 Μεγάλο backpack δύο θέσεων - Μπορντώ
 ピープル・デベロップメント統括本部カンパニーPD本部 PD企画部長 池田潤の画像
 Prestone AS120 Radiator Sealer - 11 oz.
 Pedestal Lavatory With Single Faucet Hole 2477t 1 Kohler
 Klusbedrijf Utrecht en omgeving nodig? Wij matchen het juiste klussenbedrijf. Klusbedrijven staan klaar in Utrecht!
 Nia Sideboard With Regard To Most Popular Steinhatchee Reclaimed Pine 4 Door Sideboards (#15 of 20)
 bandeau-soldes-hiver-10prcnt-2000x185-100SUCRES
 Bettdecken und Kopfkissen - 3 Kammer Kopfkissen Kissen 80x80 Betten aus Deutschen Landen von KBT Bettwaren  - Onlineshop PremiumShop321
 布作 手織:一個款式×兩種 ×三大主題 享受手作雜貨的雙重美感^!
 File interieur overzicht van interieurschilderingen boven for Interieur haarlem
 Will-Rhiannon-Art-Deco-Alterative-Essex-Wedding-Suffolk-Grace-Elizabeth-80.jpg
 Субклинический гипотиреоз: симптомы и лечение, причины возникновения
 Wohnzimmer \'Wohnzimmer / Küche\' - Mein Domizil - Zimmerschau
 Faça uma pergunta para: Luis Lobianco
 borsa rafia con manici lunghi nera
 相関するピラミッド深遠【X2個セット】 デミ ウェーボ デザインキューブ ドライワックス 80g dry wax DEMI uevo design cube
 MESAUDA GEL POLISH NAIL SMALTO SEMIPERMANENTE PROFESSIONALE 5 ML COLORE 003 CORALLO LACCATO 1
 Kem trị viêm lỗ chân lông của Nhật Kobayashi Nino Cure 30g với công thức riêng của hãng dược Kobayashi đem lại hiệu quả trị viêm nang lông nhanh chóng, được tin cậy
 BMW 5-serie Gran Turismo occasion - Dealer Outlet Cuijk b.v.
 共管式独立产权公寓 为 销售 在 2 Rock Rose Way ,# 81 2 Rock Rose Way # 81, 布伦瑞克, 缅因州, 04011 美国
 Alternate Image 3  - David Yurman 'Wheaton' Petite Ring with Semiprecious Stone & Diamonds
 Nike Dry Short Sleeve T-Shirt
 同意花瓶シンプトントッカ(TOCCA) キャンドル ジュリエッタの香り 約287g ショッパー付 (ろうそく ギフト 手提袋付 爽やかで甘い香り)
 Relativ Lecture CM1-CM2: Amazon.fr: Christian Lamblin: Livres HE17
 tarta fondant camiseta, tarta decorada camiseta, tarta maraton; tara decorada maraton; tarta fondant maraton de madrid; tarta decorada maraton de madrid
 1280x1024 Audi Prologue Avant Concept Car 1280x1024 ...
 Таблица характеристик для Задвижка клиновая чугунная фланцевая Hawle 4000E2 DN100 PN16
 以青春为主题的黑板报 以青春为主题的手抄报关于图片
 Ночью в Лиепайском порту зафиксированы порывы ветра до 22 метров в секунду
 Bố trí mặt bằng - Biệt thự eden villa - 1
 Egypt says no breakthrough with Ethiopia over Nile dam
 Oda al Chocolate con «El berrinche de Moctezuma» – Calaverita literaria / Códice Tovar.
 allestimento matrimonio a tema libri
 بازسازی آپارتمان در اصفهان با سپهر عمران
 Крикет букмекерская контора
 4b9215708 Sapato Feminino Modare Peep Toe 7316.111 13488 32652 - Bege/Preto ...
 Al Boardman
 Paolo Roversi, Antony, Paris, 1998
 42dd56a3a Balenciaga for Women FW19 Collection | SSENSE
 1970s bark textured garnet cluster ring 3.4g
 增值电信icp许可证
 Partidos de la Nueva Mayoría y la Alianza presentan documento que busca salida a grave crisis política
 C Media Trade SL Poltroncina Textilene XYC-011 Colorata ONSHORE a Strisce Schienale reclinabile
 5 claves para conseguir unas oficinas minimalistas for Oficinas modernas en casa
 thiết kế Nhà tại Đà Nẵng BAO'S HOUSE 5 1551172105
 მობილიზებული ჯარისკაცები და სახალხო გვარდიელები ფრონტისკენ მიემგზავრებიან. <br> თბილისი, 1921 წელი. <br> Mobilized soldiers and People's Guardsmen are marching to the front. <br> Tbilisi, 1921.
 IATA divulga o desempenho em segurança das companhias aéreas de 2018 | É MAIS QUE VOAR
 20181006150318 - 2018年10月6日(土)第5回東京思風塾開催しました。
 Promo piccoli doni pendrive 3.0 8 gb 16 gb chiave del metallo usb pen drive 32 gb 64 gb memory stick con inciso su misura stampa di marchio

* REQUIREMENT
Your task is to repeat each of the records above exactly.

* WRITTEN RESPONSE
 Μεγάλο backpack δύο θέσεων - Μπορντώ
 ピープル・デベロップメント統括本部カンパニーPD本部 PD企画部長 池田潤の画像
 Prestone AS120 Radiator Sealer - 11 oz.
 Pedestal Lavatory With Single Faucet Hole 2477t 1 Kohler
 Klusbedrijf Utrecht en omgeving nodig? Wij matchen het juiste klussenbedrijf. Klusbedrijven staan klaar in Utrecht!
 Nia Sideboard With Regard To Most Popular Steinhatchee Reclaimed Pine 4 Door Sideboards (#15 of 20)
 bandeau-soldes-hiver-10prcnt-2000x185-100SUCRES
 Bettdecken und Kopfkissen - 3 Kammer Kopfkissen Kissen 80x80 Betten aus Deutschen Landen von KBT Bettwaren  - Onlineshop PremiumShop321
 布作 手織:一個款式×兩種 ×三大主題 享受手作雜貨的雙重美感^!
 File interieur overzicht van interieurschilderingen boven for Interieur haarlem
 Will-Rhiannon-Art-Deco-Alterative-Essex-Wedding-Suffolk-Grace-Elizabeth-80.jpg
 Субклинический гипотиреоз: симптомы и лечение, причины возникновения
 Wohnzimmer \'Wohnzimmer / Küche\' - Mein Domizil - Zimmerschau
 Faça uma pergunta para: Luis Lobianco
 borsa rafia con manici lunghi nera
 相関するピラミッド深遠【X2個セット】 デミ ウェーボ デザインキューブ ドライワックス 80g dry wax DEMI uevo design cube
 MESAUDA GEL POLISH NAIL SMALTO SEMIPERMANENTE PROFESSIONALE 5 ML COLORE 003 CORALLO LACCATO 1
 Kem trị viêm lỗ chân lông của Nhật Kobayashi Nino Cure 30g với công thức riêng của hãng dược Kobayashi đem lại hiệu quả trị viêm nang lông nhanh chóng, được tin cậy
 BMW 5-serie Gran Turismo occasion - Dealer Outlet Cuijk b.v.
 共管式独立产权公寓 为 销售 在 2 Rock Rose Way ,# 81 2 Rock Rose Way # 81, 布伦瑞克, 缅因州, 04011 美国
 Alternate Image 3  - David Yurman 'Wheaton' Petite Ring with Semiprecious Stone & Diamonds
 Nike Dry Short Sleeve T-Shirt
 同意花瓶シンプトントッカ(TOCCA) キャンドル ジュリエッタの香り 約287g ショッパー付 (ろうそく ギフト 手提袋付 爽やかで甘い香り)
 Relativ Lecture CM1-CM2: Amazon.fr: Christian Lamblin: Livres HE17
 tarta fondant camiseta, tarta decorada camiseta, tarta maraton; tara decorada maraton; tarta fondant maraton de madrid; tarta decorada maraton de madrid
 1280x1024 Audi Prologue Avant Concept Car 1280x1024 ...
 Таблица характеристик для Задвижка клиновая чугунная фланцевая Hawle 4000E2 DN100 PN16
 以青春为主题的黑板报 以青春为主题的手抄报关于图片
 Ночью в Лиепайском порту зафиксированы порывы ветра до 22 метров в секунду
 Bố trí mặt bằng - Biệt thự eden villa - 1
 Egypt says no breakthrough with Ethiopia over Nile dam
 Oda al Chocolate con «El berrinche de Moctezuma» – Calaverita literaria / Códice Tovar.
 allestimento matrimonio a tema libri
 بازسازی آپارتمان در اصفهان با سپهر عمران
 Крикет букмекерская контора
 4b9215708 Sapato Feminino Modare Peep Toe 7316.111 13488 32652 - Bege/Preto ...
 Al Boardman
 Paolo Roversi, Antony, Paris, 1998
 42dd56a3a Balenciaga for Women FW19 Collection | SSENSE
 1970s bark textured garnet cluster ring 3.4g
 增值电信icp许可证
 Partidos de la Nueva Mayoría y la Alianza presentan documento que busca salida a grave crisis política
 C Media Trade SL Poltroncina Textilene XYC-011 Colorata ONSHORE a Strisce Schienale reclinabile
 5 claves para conseguir unas oficinas minimalistas for Oficinas modernas en casa
 thiết kế Nhà tại Đà Nẵng BAO'S HOUSE 5 1551172105
 მობილიზებული ჯარისკაცები და სახალხო გვარდიელები ფრონტისკენ მიემგზავრებიან. <br> თბილისი, 1921 წელი. <br> Mobilized soldiers and People's Guardsmen are marching to the front. <br> Tbilisi, 1921.
 IATA divulga o desempenho em segurança das companhias aéreas de 2018 | É MAIS QUE VOAR
 20181006150318 - 2018年10月6日(土)第5回東京思風塾開催しました。
 Promo piccoli doni pendrive 3.0 8 gb 16 gb chiave del metallo usb pen drive 32 gb 64 gb memory stick con inciso su misura stampa di marchio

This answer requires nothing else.